Compliance with QMB Billing Rules and Guidance on Navigating Billing Procedures for QMB Patients

The Qualified Medicare Beneficiary (QMB) program, which offers Medicaid coverage for Medicare Part A and Part B premiums and cost-sharing to low-income Medicare beneficiaries, can be difficult to understand. The following points help clarify billing rules for healthcare providers regarding QMB patients.

Key points include:


1. Program Overview: QMB provides Medicaid coverage for Medicare expenses to eligible low-income individuals. In 2016, about 7.5 million beneficiaries were enrolled in the program, with different levels of Medicaid coverage.

2. Billing Requirements: Providers, regardless of whether they accept Medicaid, must not charge QMB individuals for Medicare cost-sharing (deductibles, coinsurance, and copays) for covered services. Pharmacists can still collect copayments for Part D prescription drugs.

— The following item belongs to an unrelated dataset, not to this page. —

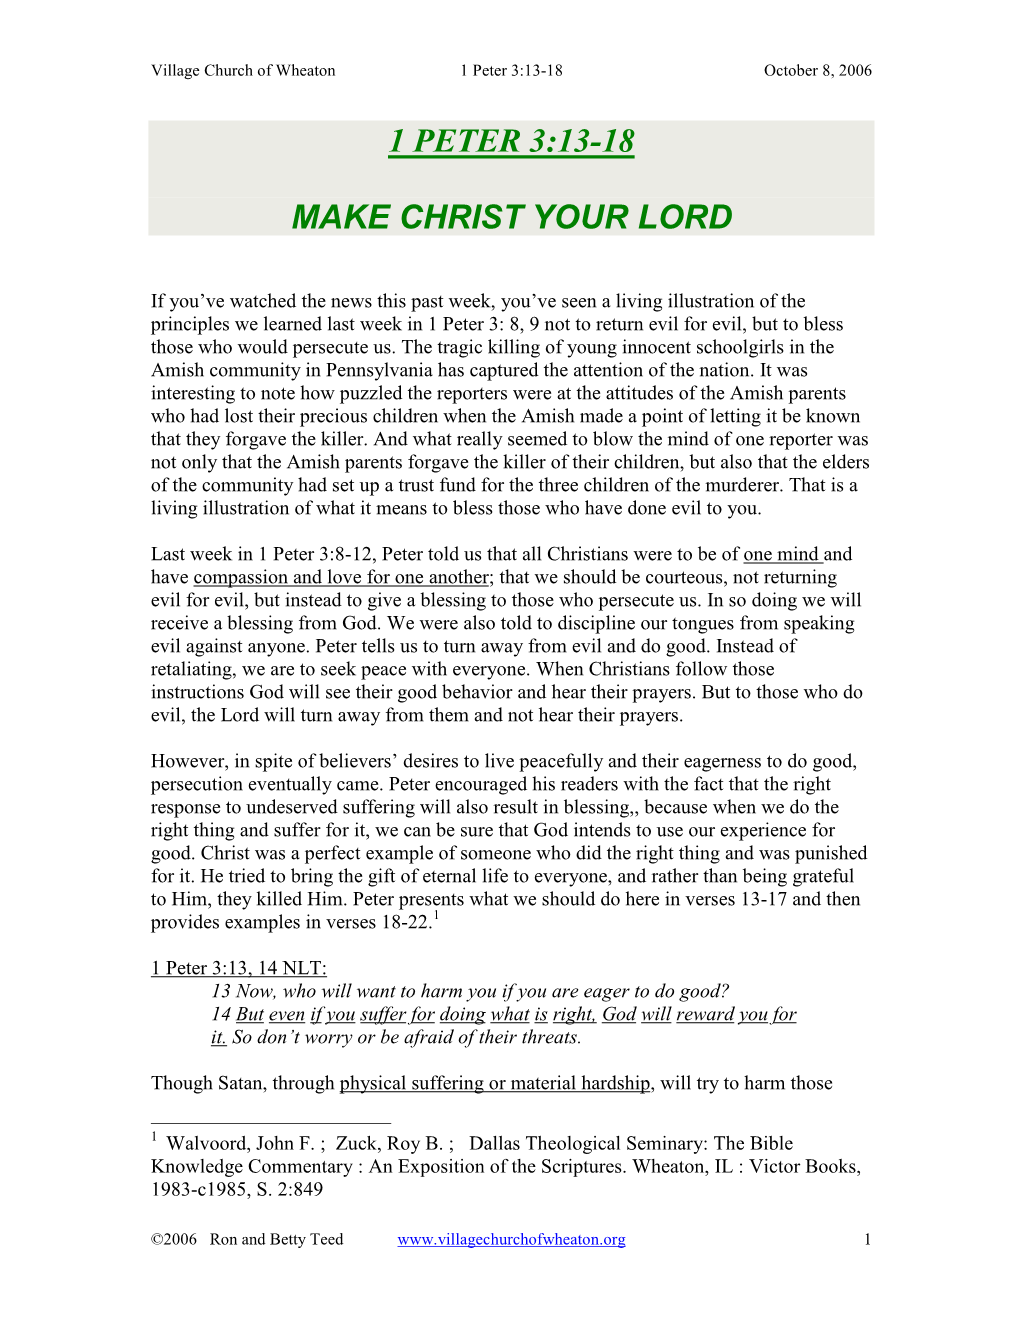 1 Peter 3:13-18 Make Christ Your Lord
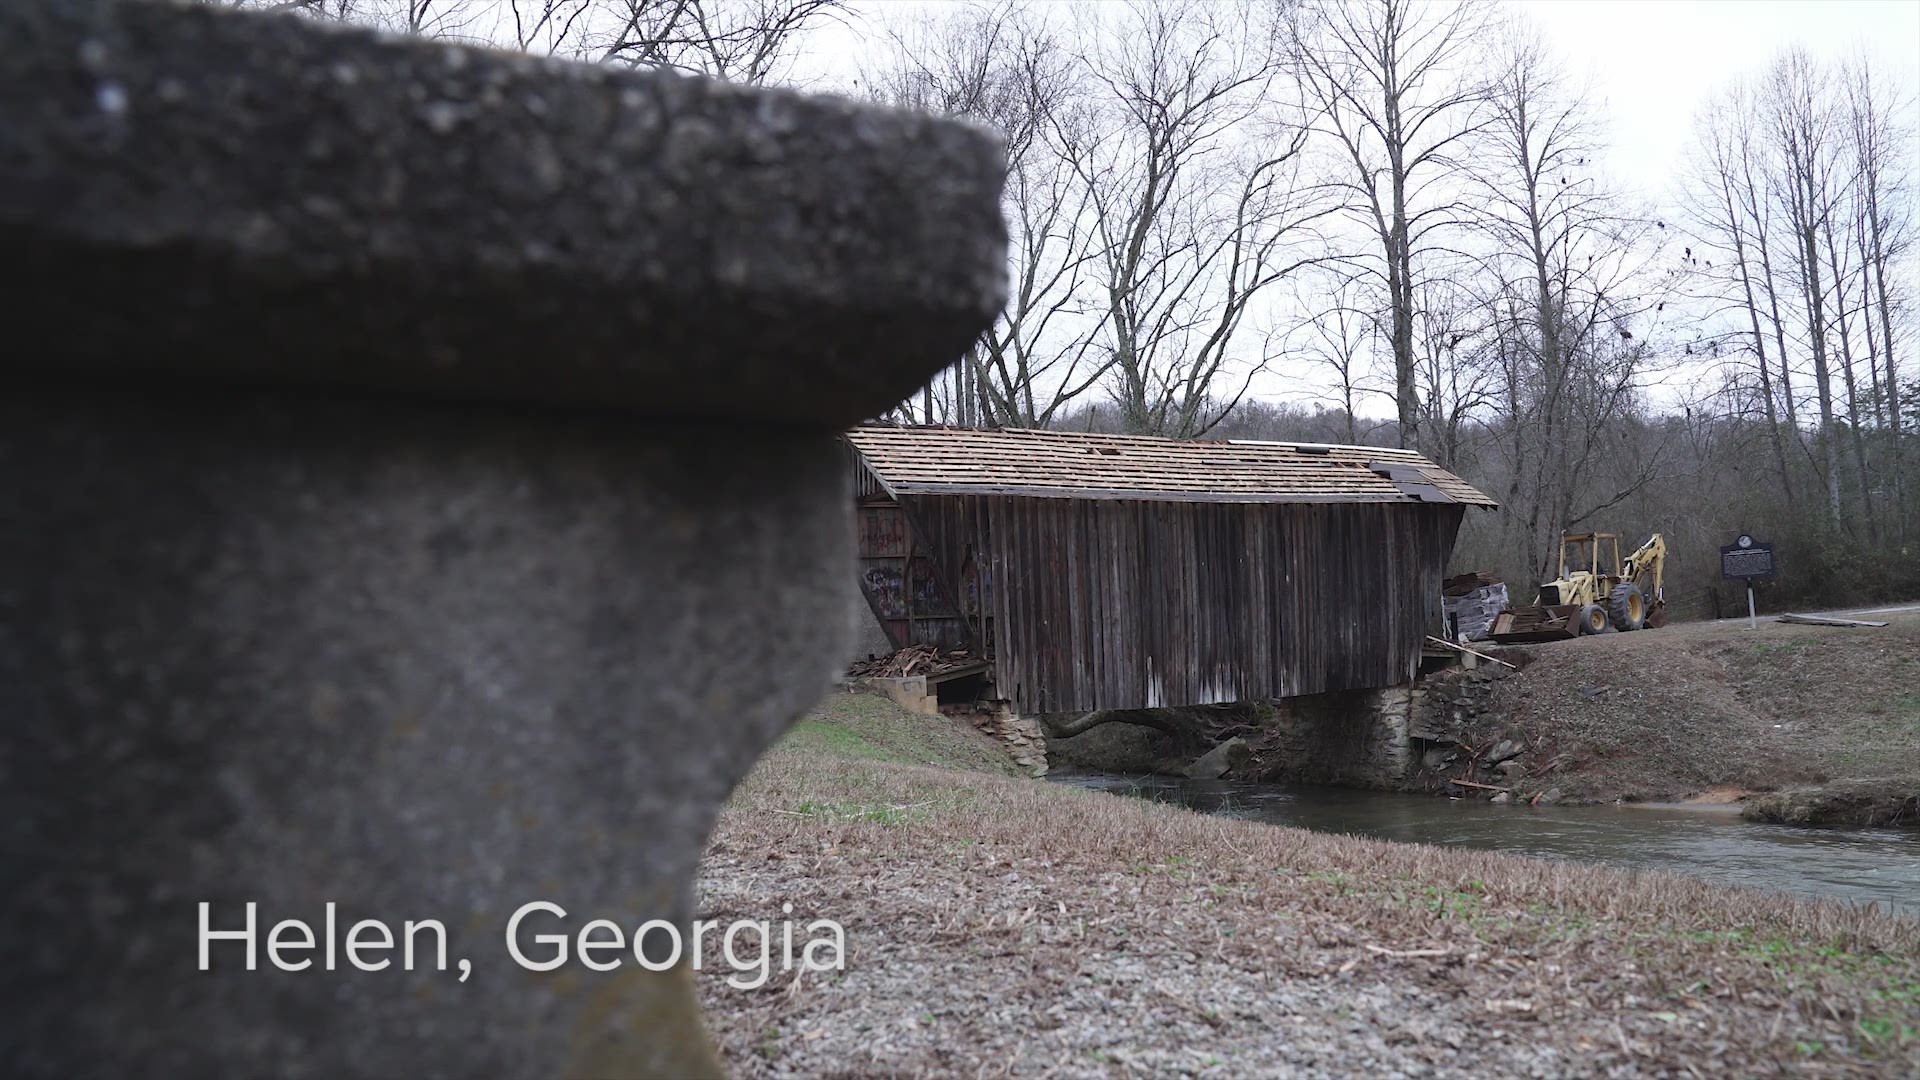 There's a mystery rising from the water in Helen, Georgia. Locals say don't walk this bridge... unless you're ready to face whatever it is calling out after dark. We're going ghost hunting.

3. State Medicaid Payments: Providers can seek payment for Medicare cost-sharing from State Medicaid Programs, though states often limit these payments. QMB individuals have no legal obligation to pay Medicare cost-sharing amounts.

4. Compliance Steps: Providers should establish processes to identify QMB status before billing, ensure exemption from Medicare charges, and seek payment from State Medicaid Programs when applicable.

5. QMB Status Identification: Providers can verify QMB status through Medicare eligibility data, remittance advice, Medicaid systems, or other documentation.

6. Advance Beneficiary Notices (ABN): Special guidelines apply when issuing ABNs to dual eligible beneficiaries. Providers cannot bill dual eligible beneficiaries pending adjudication by both Medicare and Medicaid.

7. Statutorily Excluded Services: Providers may bill QMB beneficiaries for services not covered by Medicare if Medicaid coverage is not available. Medicaid may cover excluded Medicare services if state policy allows and the provider participates in Medicaid.